Exercise instructions:
Below are entries. Pull out all lines containing "Nike".

── Task input

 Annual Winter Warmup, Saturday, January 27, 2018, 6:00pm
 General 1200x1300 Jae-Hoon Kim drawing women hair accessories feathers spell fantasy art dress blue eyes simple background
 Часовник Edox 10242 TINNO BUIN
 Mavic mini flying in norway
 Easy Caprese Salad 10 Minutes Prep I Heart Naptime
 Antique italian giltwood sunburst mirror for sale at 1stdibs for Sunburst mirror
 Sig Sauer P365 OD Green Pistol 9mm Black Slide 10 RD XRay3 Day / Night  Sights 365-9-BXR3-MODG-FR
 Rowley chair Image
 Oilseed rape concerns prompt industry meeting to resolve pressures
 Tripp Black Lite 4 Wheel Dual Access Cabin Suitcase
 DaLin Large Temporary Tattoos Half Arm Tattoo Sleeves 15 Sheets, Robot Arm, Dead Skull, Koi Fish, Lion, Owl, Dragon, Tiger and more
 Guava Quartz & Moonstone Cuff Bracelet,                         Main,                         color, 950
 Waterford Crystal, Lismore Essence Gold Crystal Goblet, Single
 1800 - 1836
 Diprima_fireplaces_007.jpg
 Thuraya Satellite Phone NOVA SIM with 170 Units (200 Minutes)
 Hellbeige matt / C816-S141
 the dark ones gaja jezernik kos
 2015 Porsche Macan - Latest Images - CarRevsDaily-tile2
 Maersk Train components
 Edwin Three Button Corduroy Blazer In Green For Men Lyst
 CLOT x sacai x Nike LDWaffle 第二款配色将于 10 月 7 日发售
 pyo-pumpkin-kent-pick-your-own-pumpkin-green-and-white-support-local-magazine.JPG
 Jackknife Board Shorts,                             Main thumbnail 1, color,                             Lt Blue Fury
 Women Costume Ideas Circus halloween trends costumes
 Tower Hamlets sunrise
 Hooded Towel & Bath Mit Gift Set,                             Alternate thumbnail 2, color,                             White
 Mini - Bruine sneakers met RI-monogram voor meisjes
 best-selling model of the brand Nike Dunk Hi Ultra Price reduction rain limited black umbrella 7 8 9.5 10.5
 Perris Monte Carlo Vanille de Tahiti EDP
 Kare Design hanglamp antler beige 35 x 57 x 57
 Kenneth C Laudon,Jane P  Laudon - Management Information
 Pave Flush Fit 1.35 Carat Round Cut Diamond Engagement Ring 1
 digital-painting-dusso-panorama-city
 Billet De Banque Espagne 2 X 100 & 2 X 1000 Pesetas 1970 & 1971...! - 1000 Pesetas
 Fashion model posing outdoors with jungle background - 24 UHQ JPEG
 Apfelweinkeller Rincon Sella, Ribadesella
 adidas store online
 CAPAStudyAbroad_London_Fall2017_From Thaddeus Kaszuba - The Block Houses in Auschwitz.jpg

────

Answer below:
 CLOT x sacai x Nike LDWaffle 第二款配色将于 10 月 7 日发售
 best-selling model of the brand Nike Dunk Hi Ultra Price reduction rain limited black umbrella 7 8 9.5 10.5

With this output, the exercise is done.